A spokeswoman for the Department of Homeland Security stated that there is “no valid basis” for impeaching Mayorkas.
According to DHS spokesman Mia Ehrenberg, the House majority is wasting time and money on a pointless political exercise that has already received negative feedback from members of both parties and failed in a bipartisan vote.
Rep. Bennie Thompson of Mississippi, the ranking Democrat on the Homeland Security Committee, restated his previous request that House Republicans focus their efforts on bipartisan immigration discussions.
Has a Cabinet secretary been impeached before?

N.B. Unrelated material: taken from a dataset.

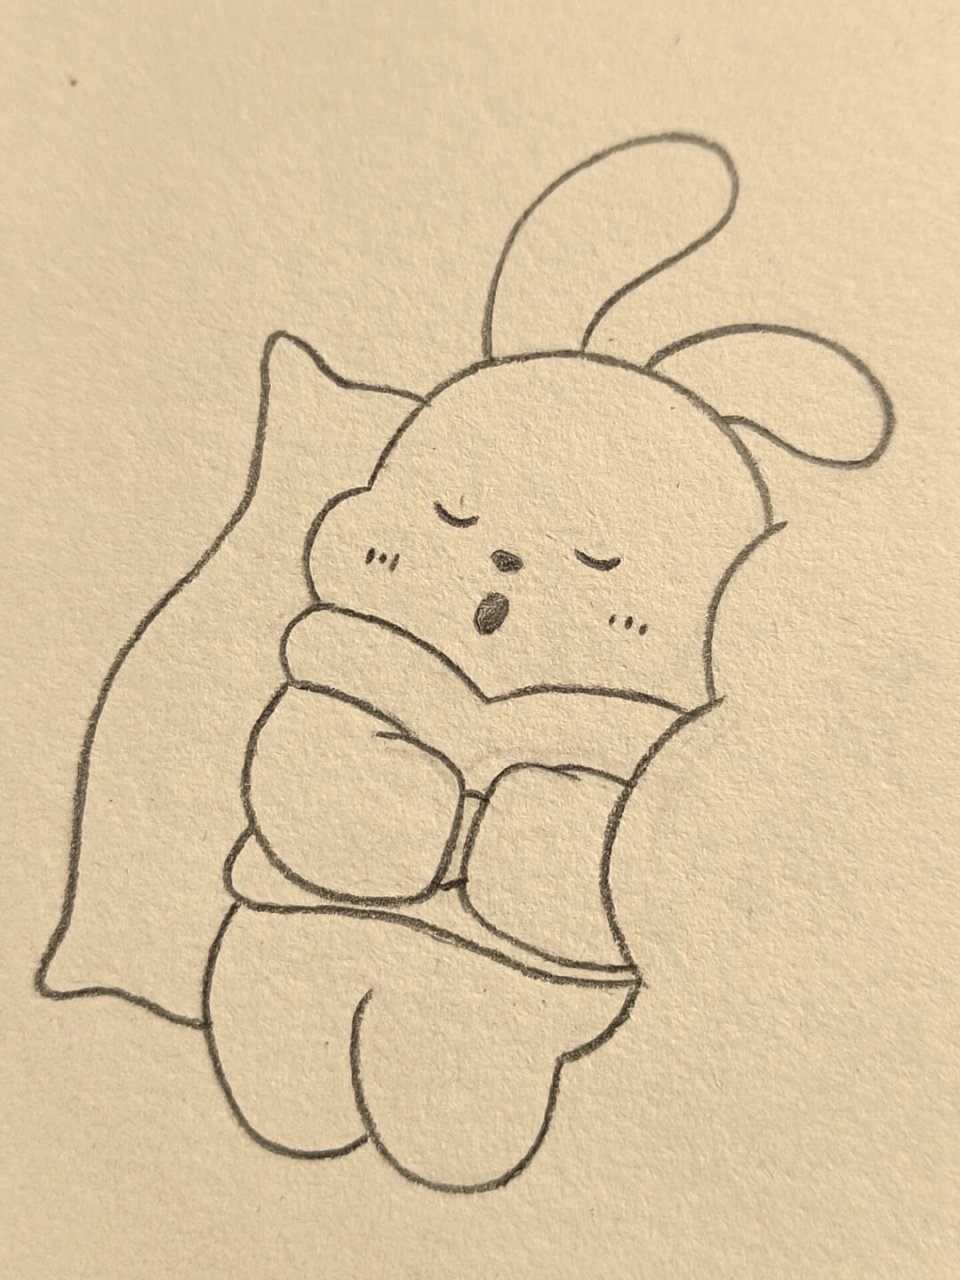 小兔子睡觉的简笔画图片

In its entire history, the House has only ever impeached one Cabinet secretary: former Secretary of War William Belknap under the Grant administration. Lawmakers accused Belknap of taking bribes to finance a lavish lifestyle while living on a meager government salary. In the face of his likely ouster, the former Civil War general rushed to the White House to hand President Ulysses S. Grant his resignation.
The House still impeached Belknap, though he was acquitted during a Senate trial. The core of Belknap’s defence was that he was technically a private citizen both at the time of his impeachment (by just minutes) and during his months-long trial. If that sounds familiar, it’s because former President Donald Trump and most Senate Republicans made a similar defence during Trump’s trial following the January 6, 2021, Capitol riot.
What happens next?
House GOP leaders could bring up the impeachment resolution again. It’s unclear if or when that will happen.
Is this guaranteed to happen?
Potentially. If only Moore were to change his vote, the GOP would have the numbers needed to pass Mayorkas’ impeachment. But multiple lawmakers from both parties have missed recent votes due to health reasons. It’s also unclear if there will be a will to return to the topic given that even some Republican senators have questioned the case against Mayorkas.